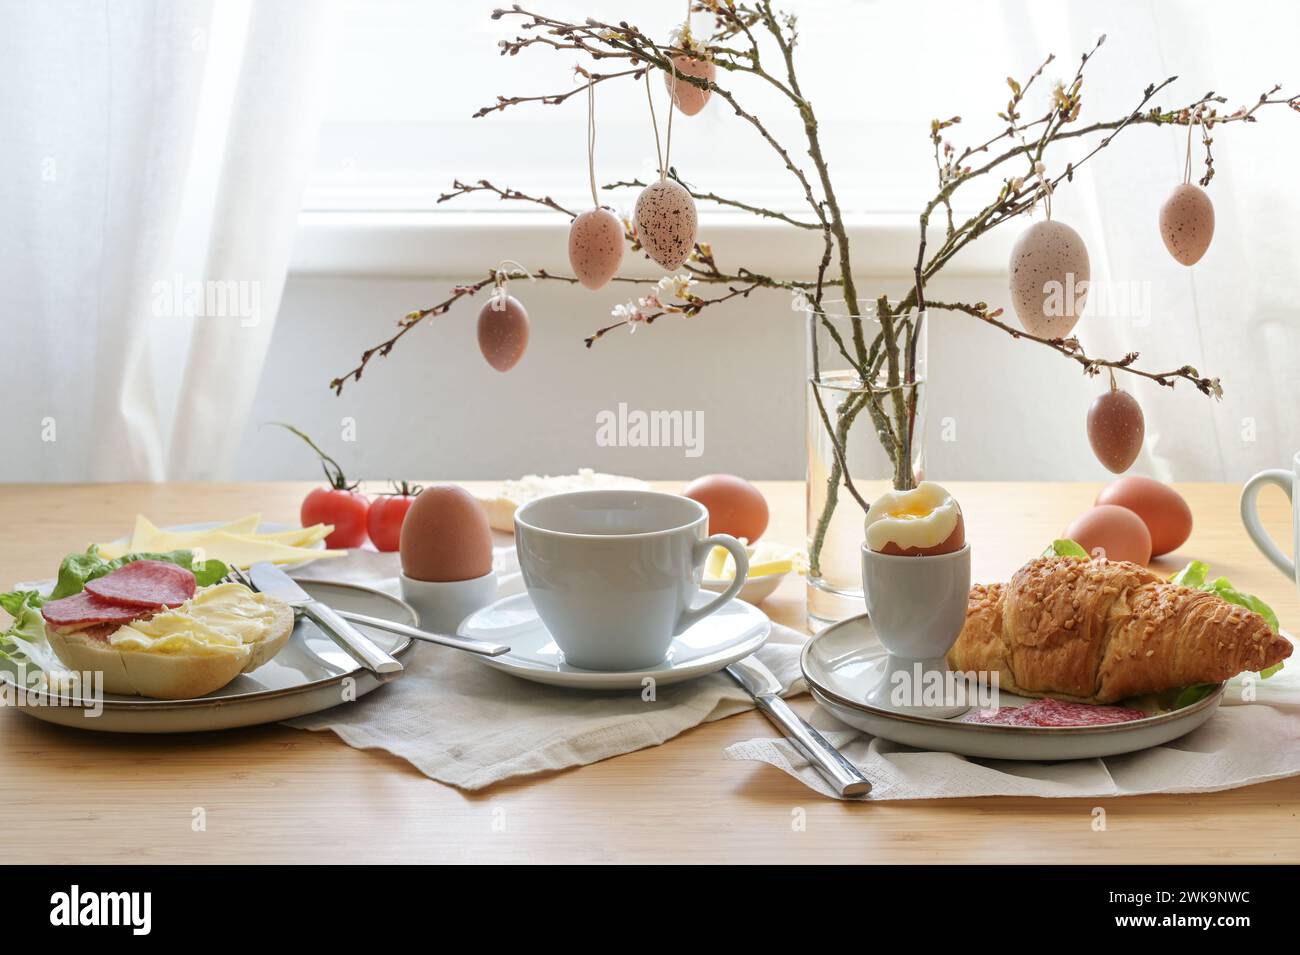 Osterfrühstück mit Ei, Brötchen, Kaffee, Croissant, Käse und Wurst, dekoriert mit Frühlingszweigen und hängenden ostereiern in einer Glasvase auf einem Tab Stockfoto
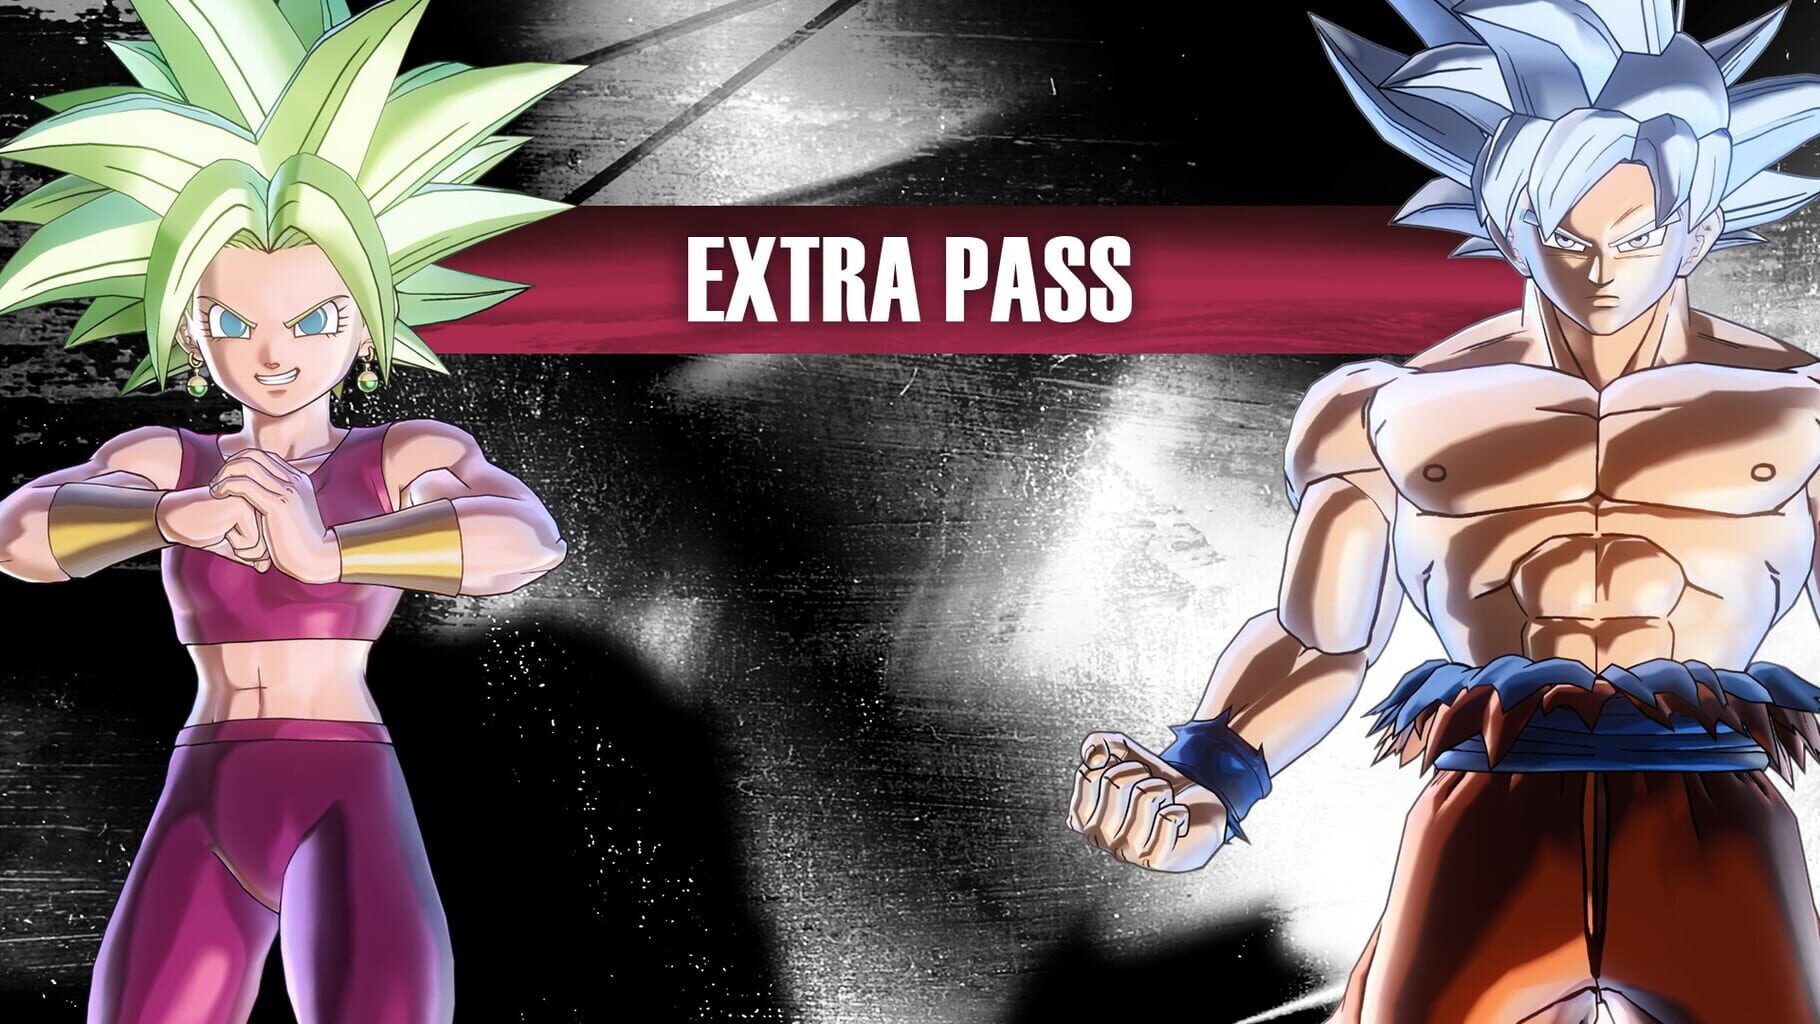 Arte - Dragon Ball: Xenoverse 2 - Extra Pass
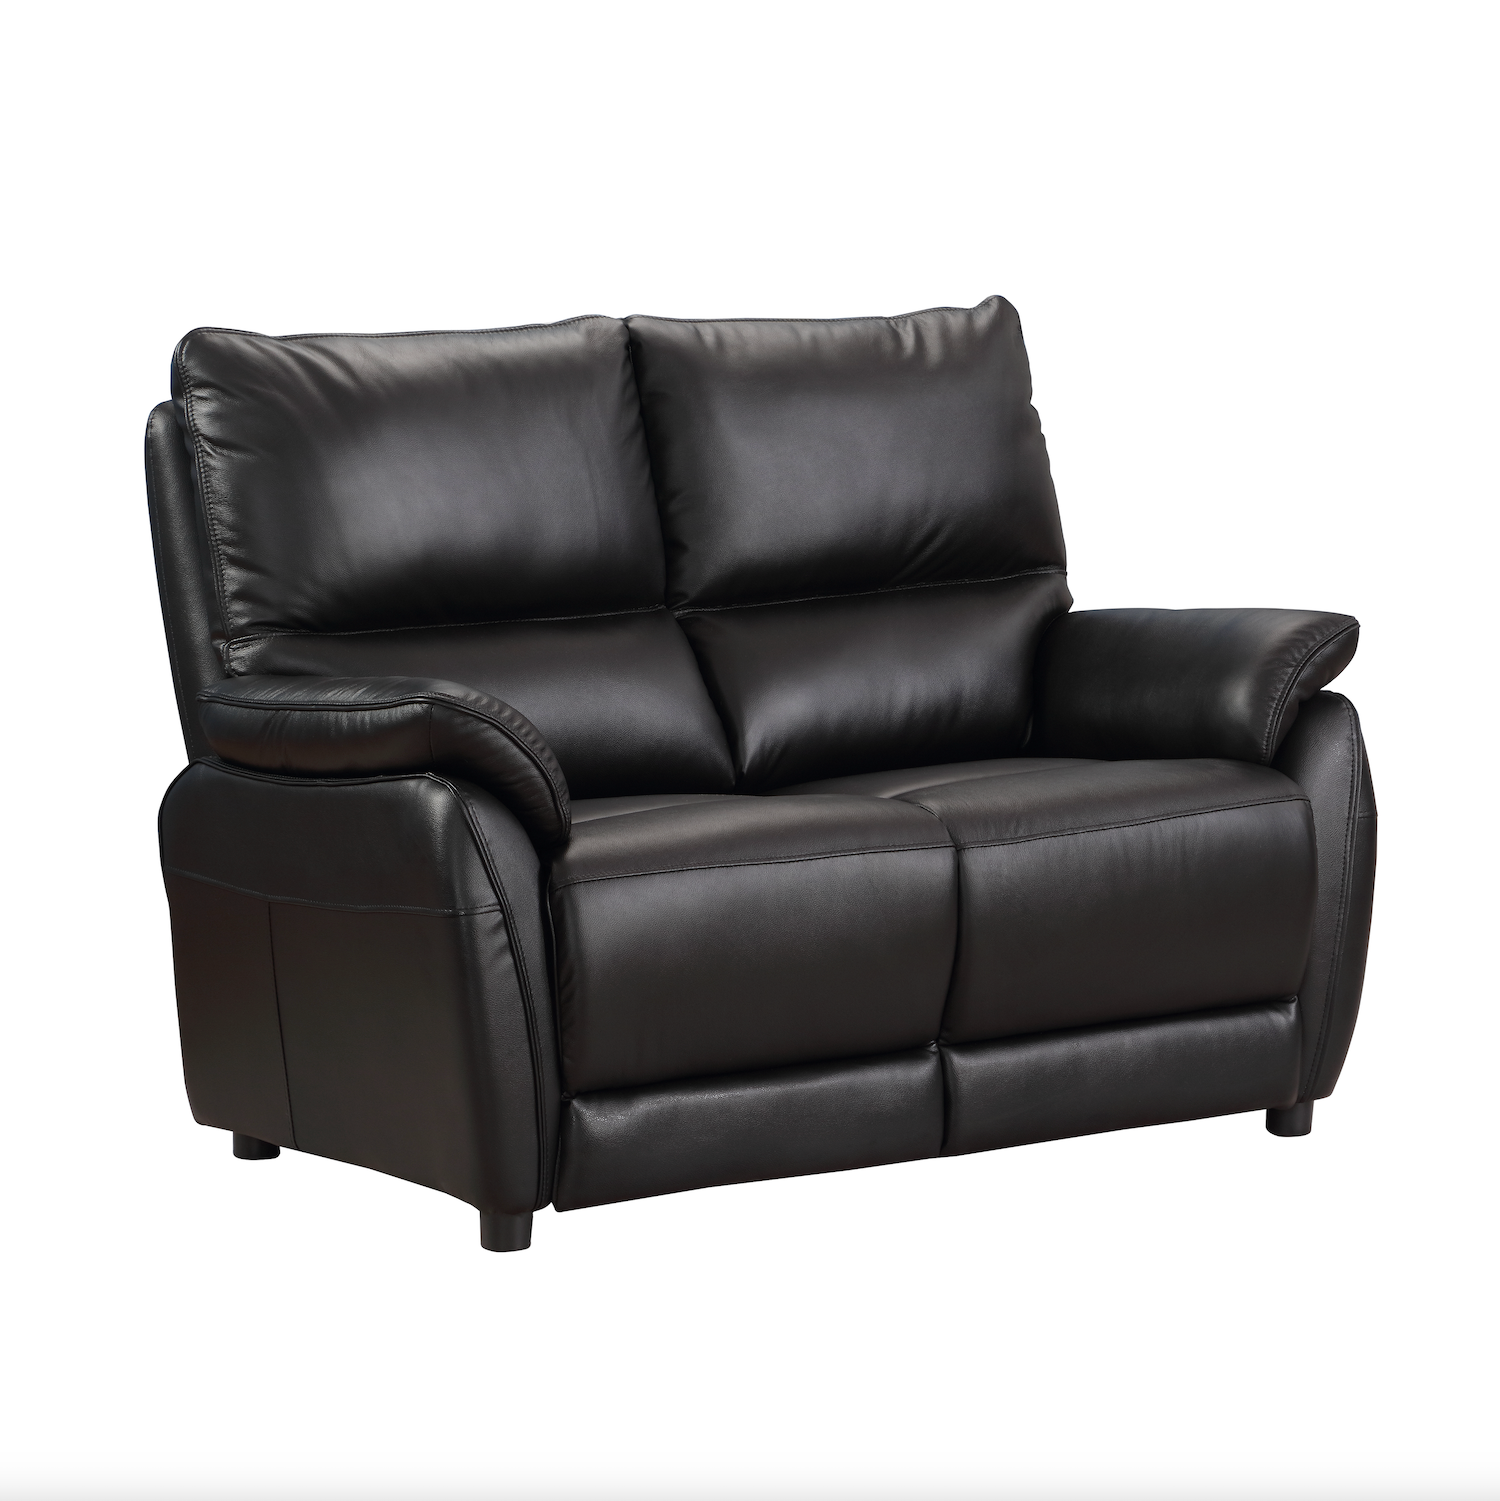 Esprit 2 Seater Static Sofa Black Leather

> [Assigned task]:
Copy out all the data without changing anything, and drop the pictures.

> [Result for this exercise]:
 Osterfrühstück mit Ei, Brötchen, Kaffee, Croissant, Käse und Wurst, dekoriert mit Frühlingszweigen und hängenden ostereiern in einer Glasvase auf einem Tab Stockfoto
 Arte - Dragon Ball: Xenoverse 2 - Extra Pass
 Esprit 2 Seater Static Sofa Black Leather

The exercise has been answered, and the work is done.